SSRS and Excel: Business Intelligence is more than just producing reports!

One of the key issues in Business Intelligence is the display of data concisely, appropriately and correctly. In particular, Reporting Services (SSRS) and Excel, in the wrong hands, can lead to incorrect data visualisations since it’s very easy to produce charts, graphs and so on, without thinking about the data in question, and the business question that you’re trying to answer. Both SSRS and Excel is that they allow users a generous amount of control over the report itself. In particular, SSRS provides so many controls and options in the ‘Properties’ window of each element of the report that it might be overwhelming for novice users. However, Excel’s ‘ease-of-use’ and SSRS ‘fine-grained control over reports’ can lead to the production of visual displays which are not suited to the data in question, or in some cases, just wrong! Thus, reporting does not always constitute a part of business intelligence; if it does not help to move the business forward, then it can’t be said to be real business intelligence.

Here is an example from my presentation at SQLBits 7, which is a Reporting Services chart which shows the top 5 most frequently appearing Doctor Who Villains since the series’ inception in 1963:


Those of you who have had lots of caffeine will notice that the line graph is not a suitable method of displaying this data. Line Graphs are better for displaying continuous data, not distinct categorical data. If you are a fan of the Doctor Who series, you will know that the Daleks and the Cybermen are separate types of villains.
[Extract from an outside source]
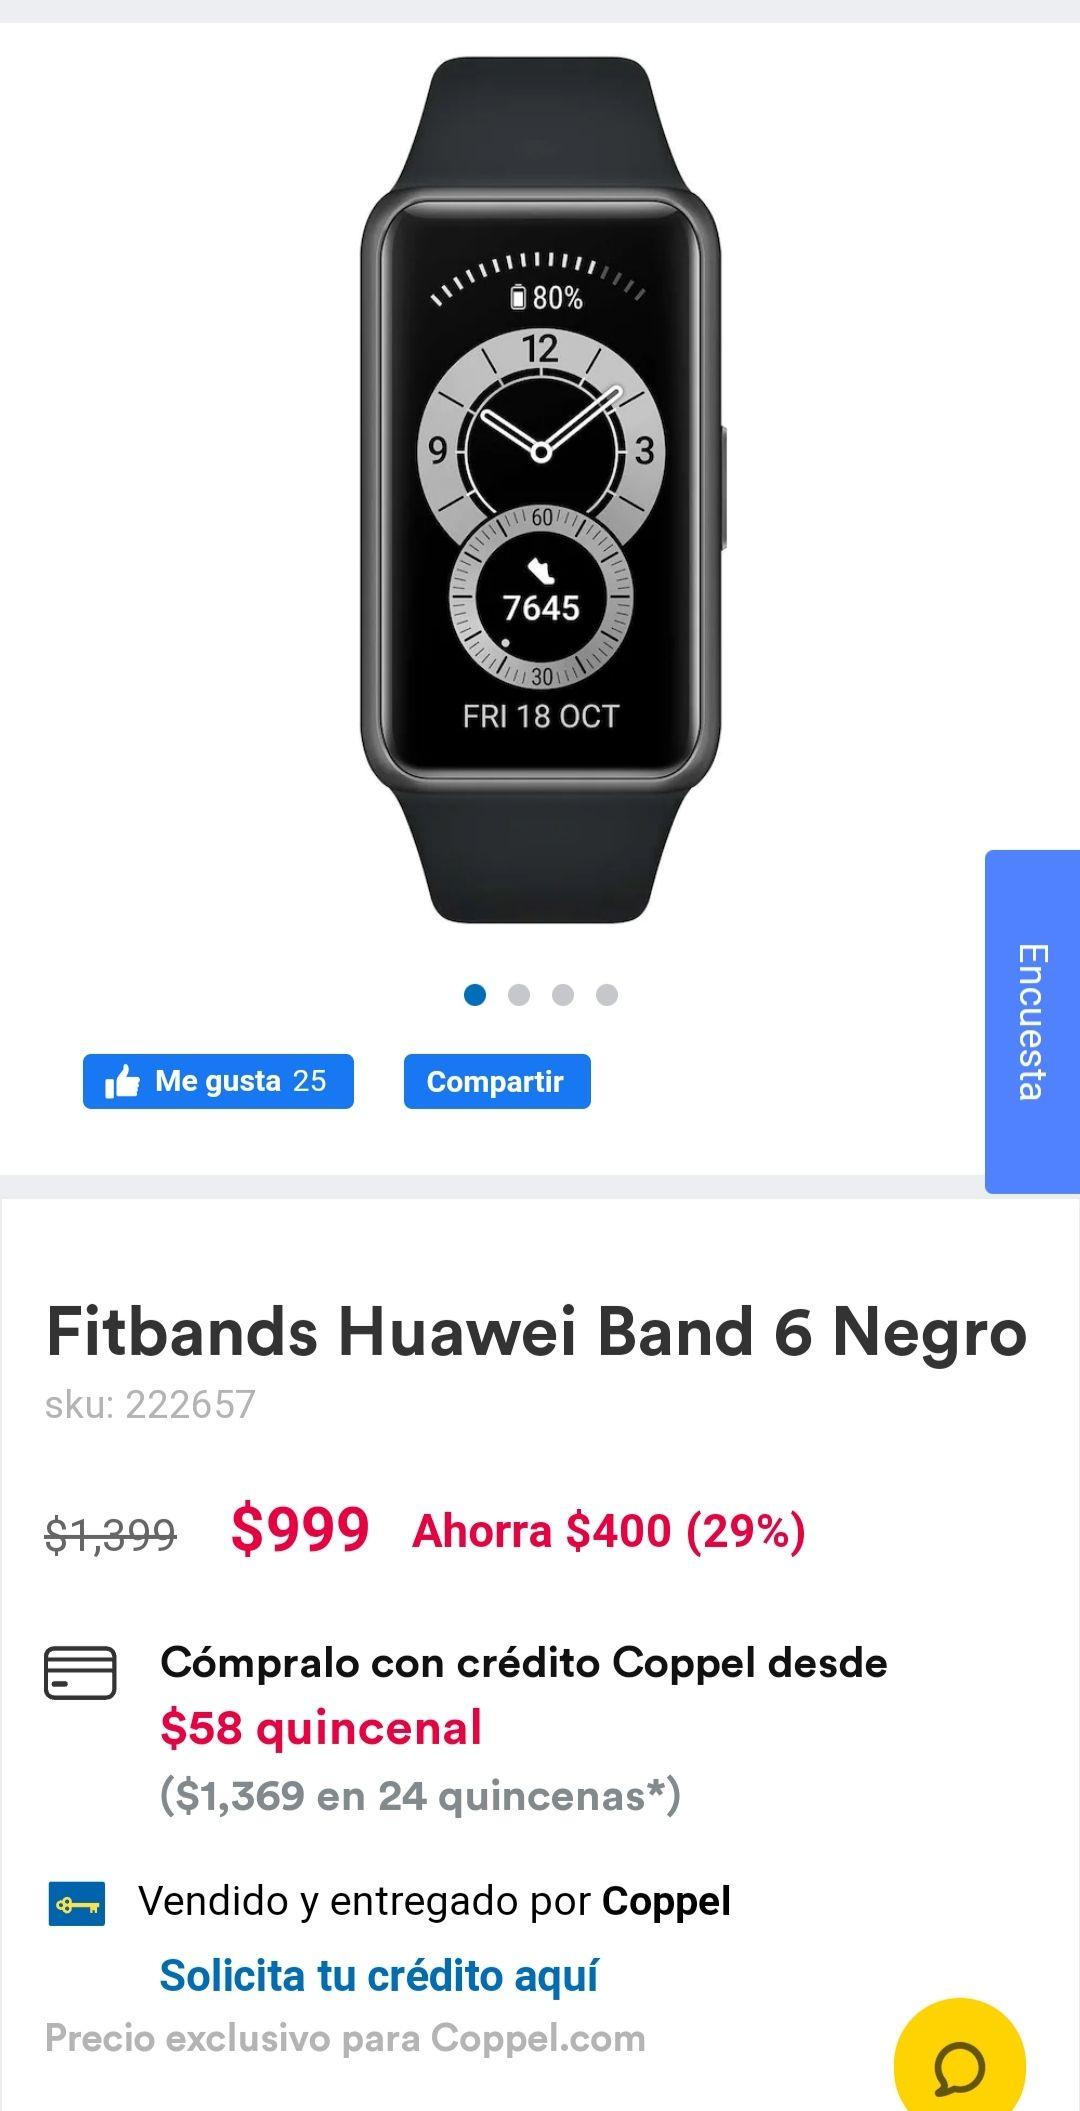 Coppel: Huawei Band 6 negro

If you are a real Doctor Who obsessive, then you will be wondering whether the count of Ice Warriors excludes the number of episodes where the Ice Warriors appeared in a benevolent capacity; this graph is specifically aimed at displaying a count of appearances rather than an analysis of the degree of ‘villain-ness’.

Since the villains are constituted of distinct categories, then the same data would be better placed as a bar chart in an SSRS report, which you can see below:


This SSRS column chart report is better because it emphasises the distinct categories being measured. Further, the ‘left to right’ reading methodology is easier for us here in the West. Also, it facilitates cognitive integration of the chart itself, by allowing sorting and easy comparison. This isn’t so straightforward in the line graph example given earlier. So, even though line graphs and column charts are very simple displays, it is easy to use them incorrectly.

To summarise, it is very easy to do visualisations which are not being representative of the data sample. Of course, the users have an option to amend the underlying data structure that they are looking for, so that they can obtain the particular visualisation that they would like to see. However, SSRS and Excel, in the wrong hands, can lead to reports that simply do not answer the business question, or help the business users to drive the business forward; that’s the heart of business intelligence.